Exercise material:
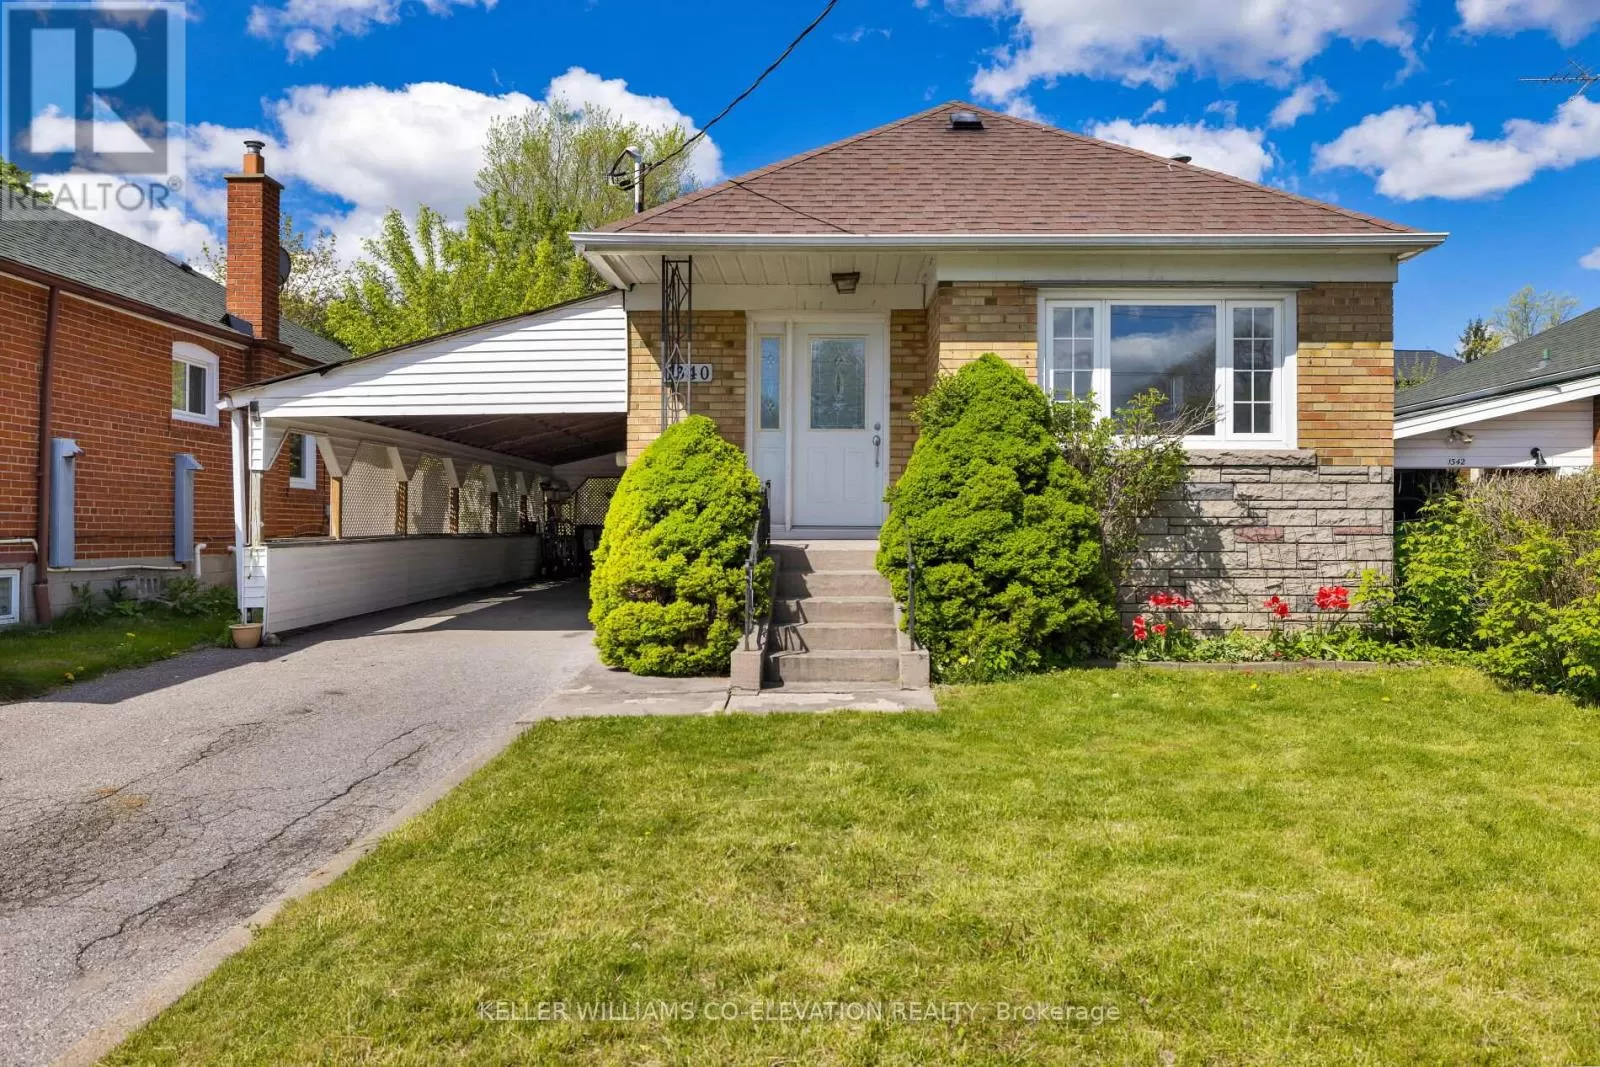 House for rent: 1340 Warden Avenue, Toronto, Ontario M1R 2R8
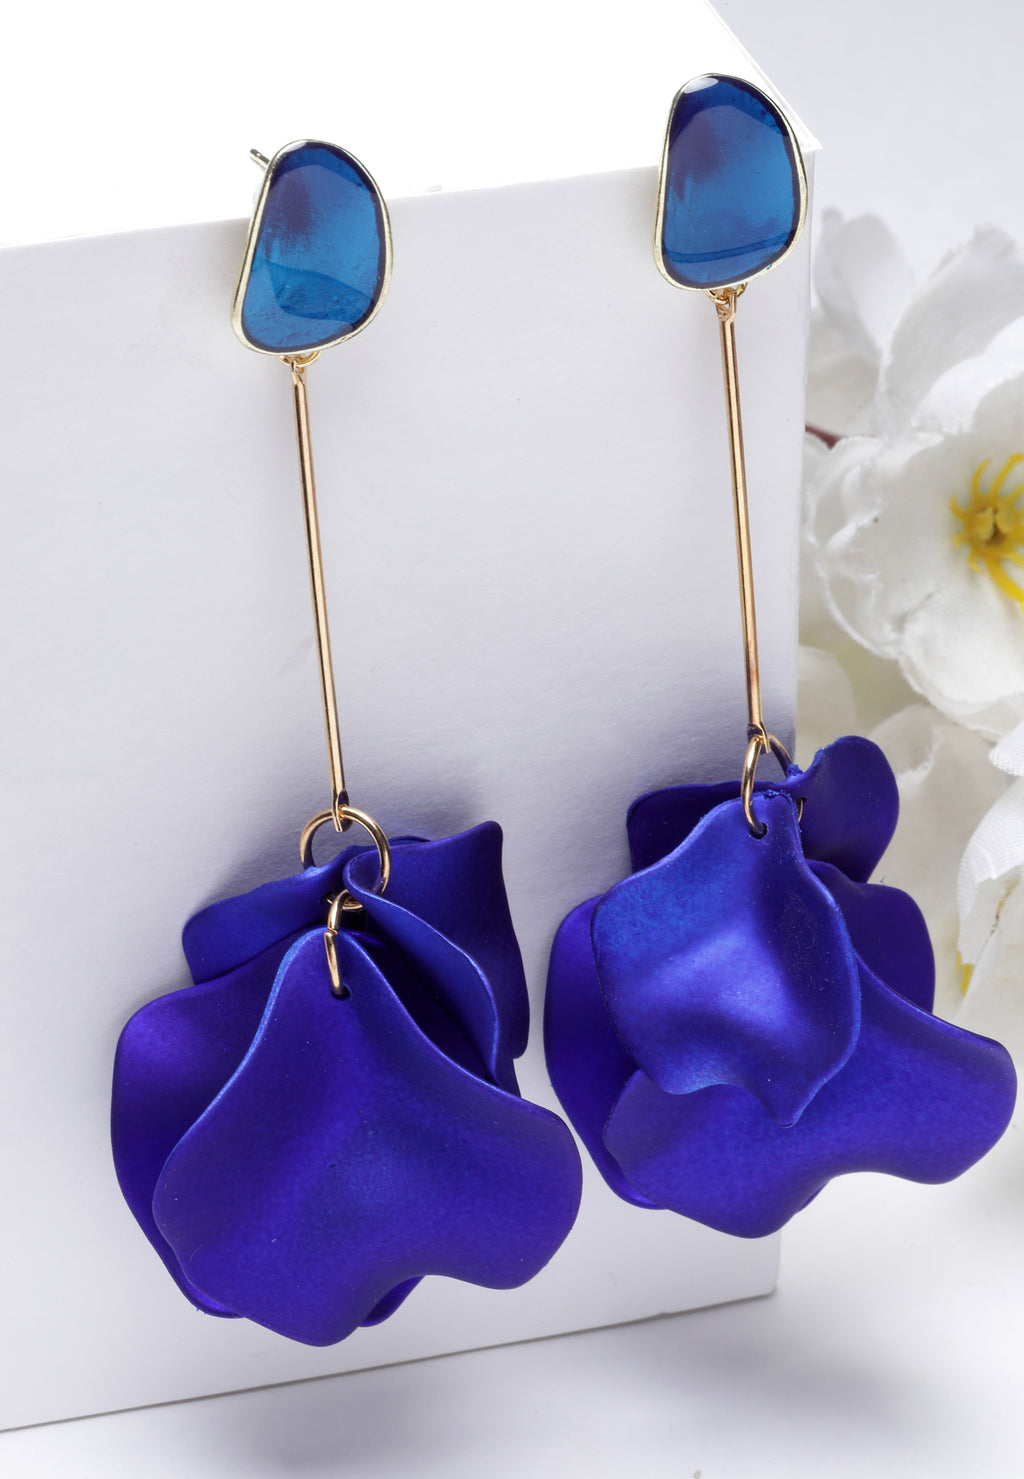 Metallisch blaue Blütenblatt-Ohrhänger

* * *

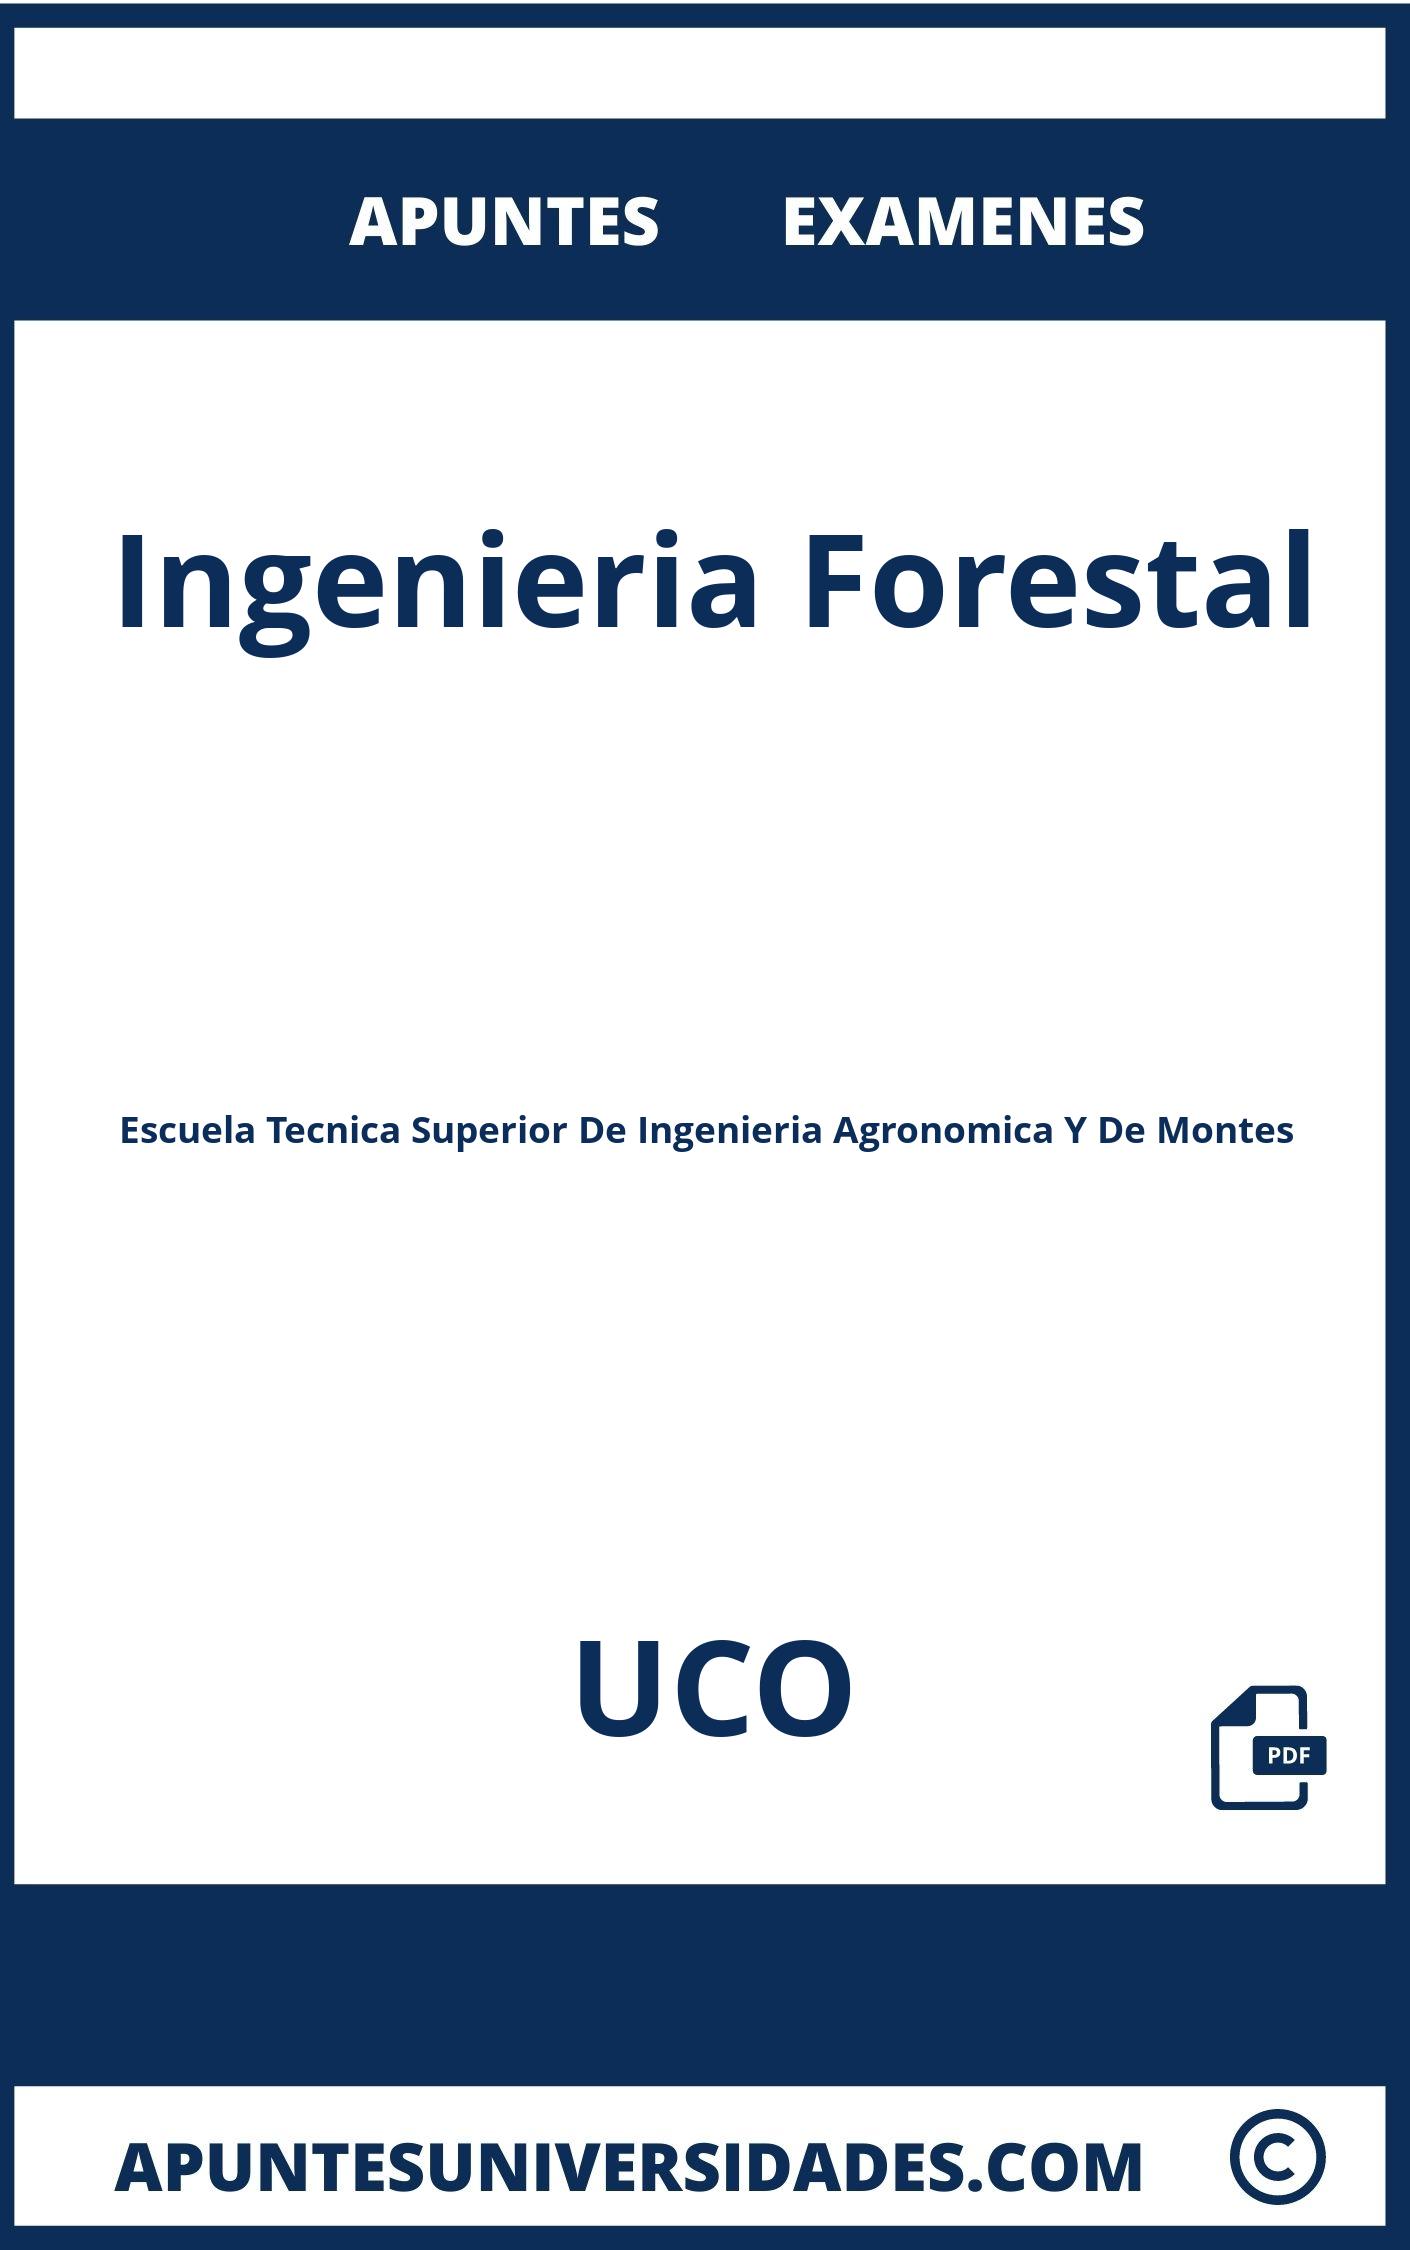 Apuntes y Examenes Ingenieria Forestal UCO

Assignment:
Could you output exactly the lines above, from the line with "House for rent: 1340" up to and including the line with "Metallisch blaue Blütenblatt-Ohrhänger", and nothing else, skipping the pictures?

Solution below:
 House for rent: 1340 Warden Avenue, Toronto, Ontario M1R 2R8
 Metallisch blaue Blütenblatt-Ohrhänger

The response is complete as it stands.